Comunicado - Acórdão n.º 5/2023
Acórdão nº 5/2023
Processo n.º 5/2023
O Plenário do Tribunal Constitucional decidiu hoje, por maioria, pronunciar-se pela inconstitucionalidade de algumas das normas do Decreto n.º 23/XV da Assembleia da República, cuja fiscalização o Presidente da República lhe havia solicitado.
Na sequência da pronúncia pela inconstitucionalidade constante do Acórdão n.º 123/2021, a Assembleia da República aprovou uma nova versão da lei relativa à morte medicamente assistida não punível. A expectativa do Tribunal era a de que nela tivessem sido introduzidas as modificações insinuadas naquele aresto.

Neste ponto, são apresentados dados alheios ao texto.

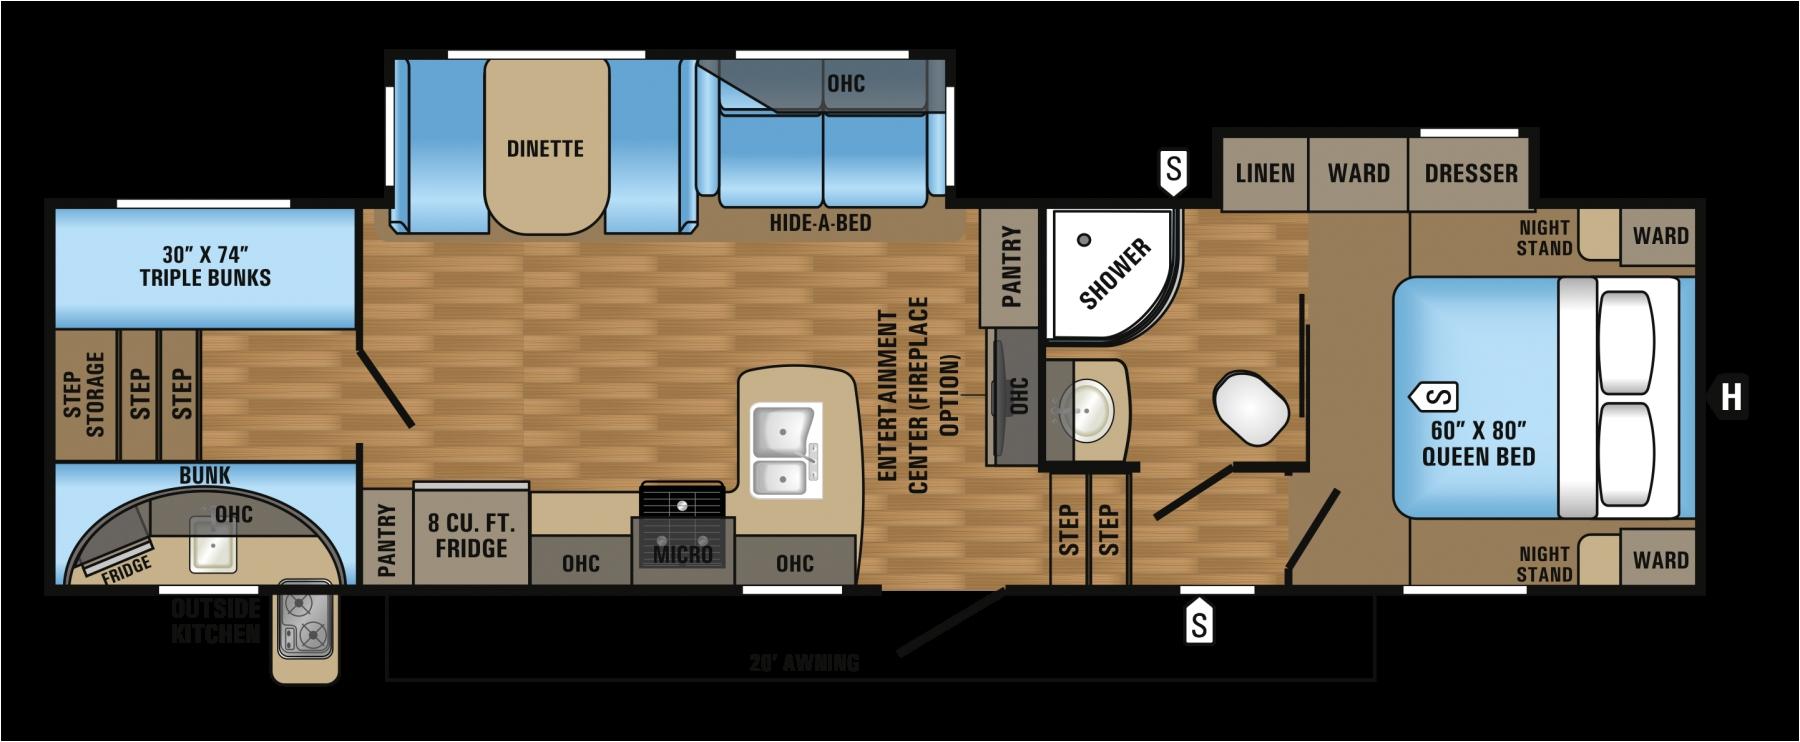 3 bedroom rv floor plan 5th wheel camper floor plans 2017 eagle ht fifth wheel floorplans amp

Comprovou o Tribunal que o legislador, tendo embora desenvolvido esforços no sentido da densificação e clarificação de alguns conceitos utilizados na versão anteriormente fiscalizada, optou por ir mais além, alterando em aspetos essenciais o projeto anterior. Ao fazê-lo, a Assembleia da República limitou-se a exercer as competências que a Constituição lhe atribui. Todavia, tal opção teve consequências, pois implicou que o Tribunal, chamado a pronunciar-se e aplicando a Lei Fundamental, houvesse de proceder a uma nova fiscalização, incidindo sobre as normas alteradas que foram objeto do pedido do Presidente da República.
Ao proceder a tal fiscalização, o Tribunal concluiu que, tendo o legislador decidido caracterizar a tipologia de sofrimento através da enumeração de três características («físico, psicológico e espiritual») ligados pela conjunção “e”, são plausíveis e sustentáveis duas interpretações antagónicas deste pressuposto. Assim fazendo, o legislador fez nascer a dúvida, que lhe cabe clarificar, sobre se a exigência é cumulativa (sofrimento físico, mais sofrimento psicológico, mais sofrimento espiritual) ou alternativa (tanto o sofrimento físico, como o psicológico, como o espiritual).
Ou seja: o segmento em análise (“sofrimento físico, psicológico e espiritual”) consente que dele se extraiam legitimamente alternativas interpretativas possíveis e plausíveis que conduzem a resultados práticos antagónicos: i) reservar o acesso à morte medicamente assistida apenas a pessoas que, em virtude de lesão definitiva de gravidade extrema ou doença grave e incurável, relatem um sofrimento de grande intensidade que corresponda cumulativamente às tipologias de sofrimento físico, psicológico e espiritual; ou ii) garantir o acesso à morte medicamente assistida a todas as pessoas que, em consequência de uma das mencionadas situações clínicas, sofram intensamente, seja qual for a tipologia do sofrimento. Em termos práticos, e a título meramente exemplificativo, está em causa saber se um doente a quem tenha sido diagnosticado um cancro com um prognóstico de esperança de vida muito limitada, ou um doente que padeça de esclerose lateral amiotrófica que não tenham sofrimento físico (vulgarmente entendido como dor) têm ou não acesso à morte medicamente assistida não punível.
Em suma, foi criada, desta forma, uma intolerável indefinição quanto ao exato âmbito de aplicação da nova lei. Recorde-se que considerou o Tribunal que o direito a viver não pode transfigurar-se num dever de viver em quaisquer circunstâncias e que as condições em que é legalmente admissível a morte medicamente assistida têm de ser «claras, antecipáveis e controláveis» (Acórdão n.º 123/2021), cabendo ao legislador defini-las de modo seguro para todos os intervenientes.